Here she is in September 24, 1974, in Watervliet just months before being sent out for rebuilding. I have no idea if the word "bye" on the end was a D&H employee's foreshadowing of the event or not, but it is ironic if nothing else.


I wrote about the rebuilding several years ago on my blog here, and at the time mentioned that I was interested in this engine because it had been repainted by the D&H in a classy red/white/blue scheme and numbered #1976 for the Nation's bicentennial celebrations. I even opined here that there was a good chance that it took part in one of the many gathering of bicentennial locomotives that was sponsored by Kalmbach Publishing Companies' Trains magazine. Here she is nearly two years later on September 25, 1976 in Bellwood, Illinois. The Rock Island engine behind her suggests a gathering of bicentennial engines.


After the D&H renumbered her #506 to fit in with the roster scheme of the other RS3m engines it kept on going. This is what she looked like in May 01, 1977 in Bethlehem, PA.

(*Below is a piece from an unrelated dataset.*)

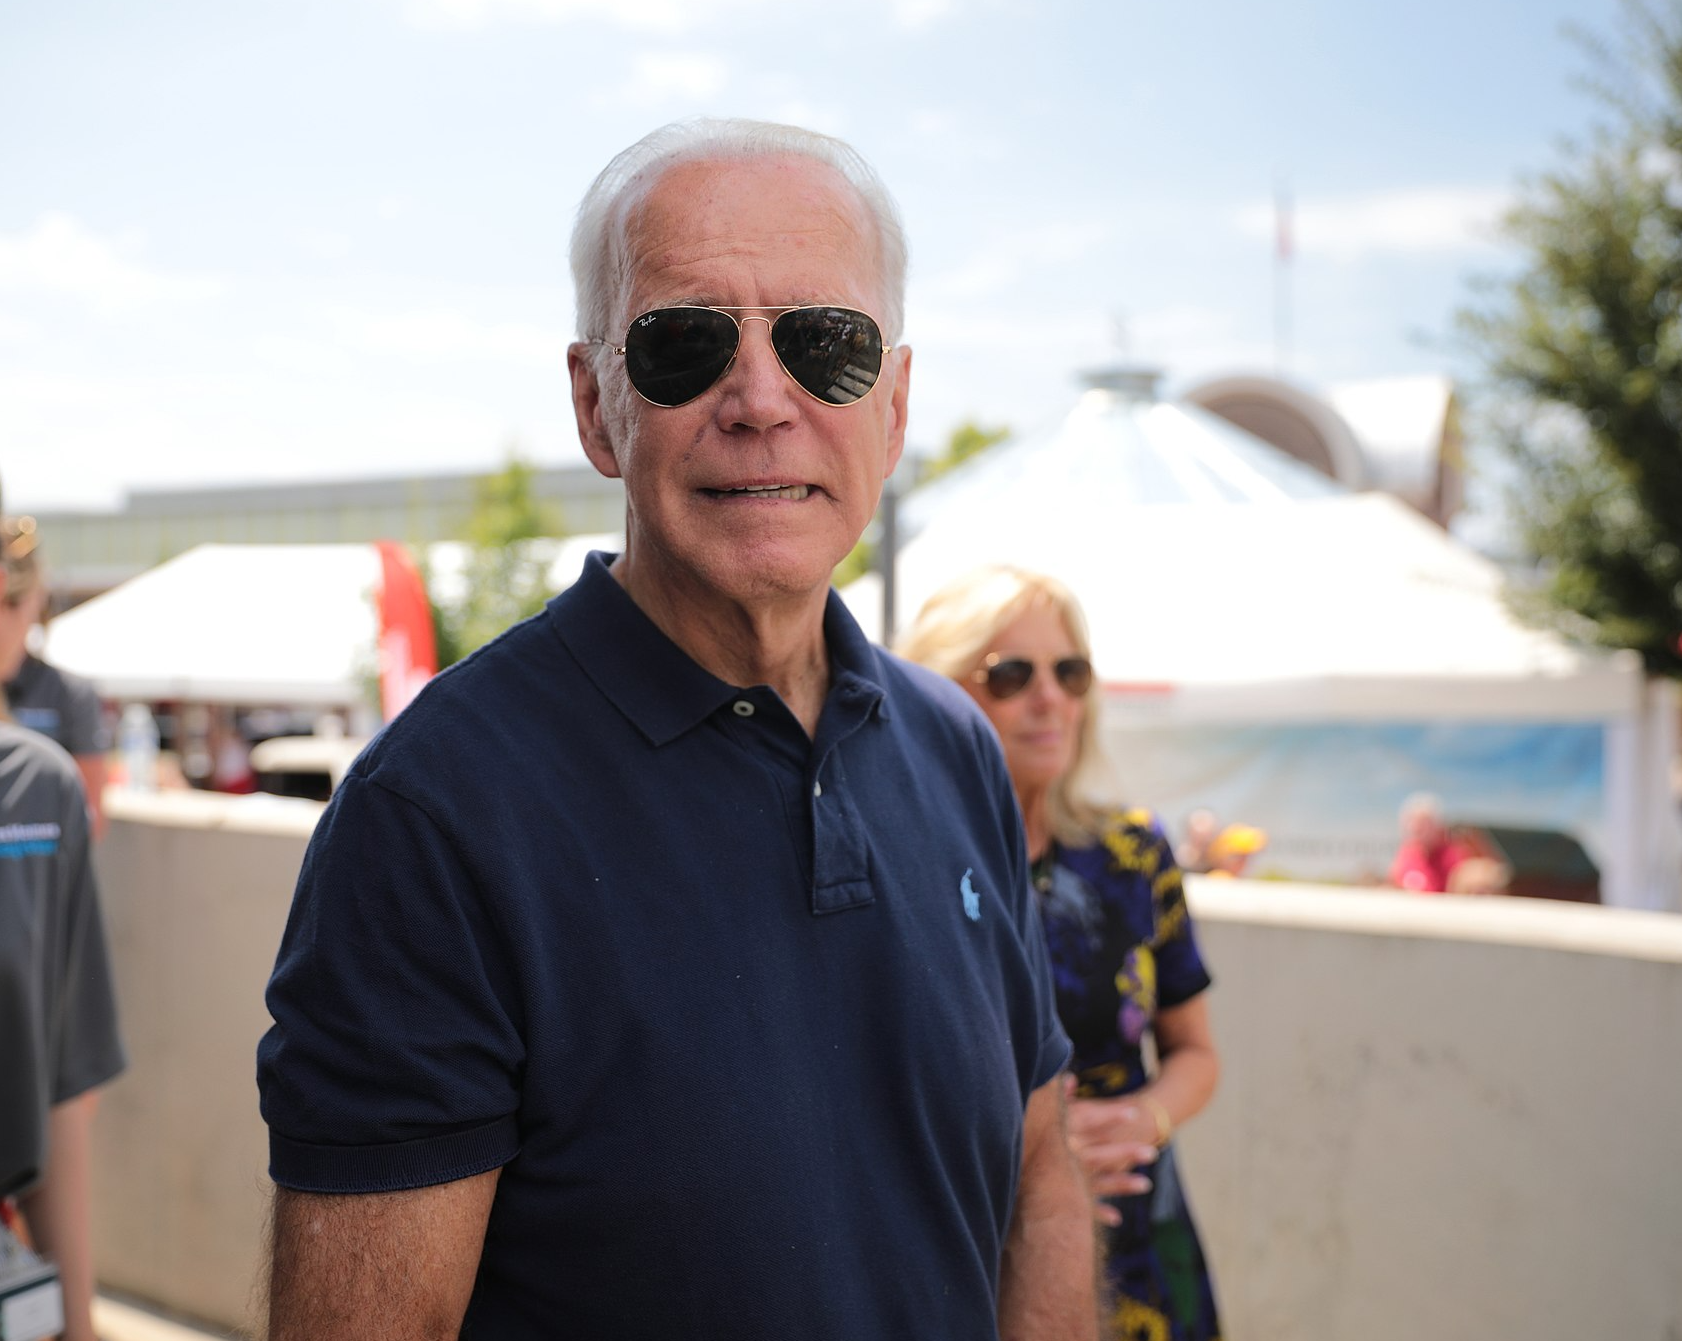 Joe Biden, A Very Dull President

Unlike many of the D&H's Alco engines, she survived through the period when the NYS&W was appointed operator of the D&H. This shot shows her in August 1989, working with another leaser engine. 


Finally, she was sold to the Tioga Central Railroad, then the Wellsboro & Corning Railroad, and then the Western New York and Pennsylvania Railroad in 2014. The WNY&P repainted her solid black with yellow chevrons in October 2014. Sadly, I didn't have the foresight to take pictures of it when it was on the Tioga Central in its faded but showing bicentennial colors. 

I lost track of the engine after 2014 and didn't think much of it until last year when it was acquired by the shortline Arcade & Attica Railroad, of which I have written about much on my blog. I have yet to go out and see her in person, but I hope to correct that soon. Here is what she looked like in August 2023 after just being received by the A&A. They numbered her #114, which was the next slot in line (they already have engines numbered #110, 111, 112, and 113). 


Note that Bowser has announced HO scale models of these engines in several D&H paint schemes, as well as one in the WNY&P. Can we hope that it will someday offer it in the A&A #14?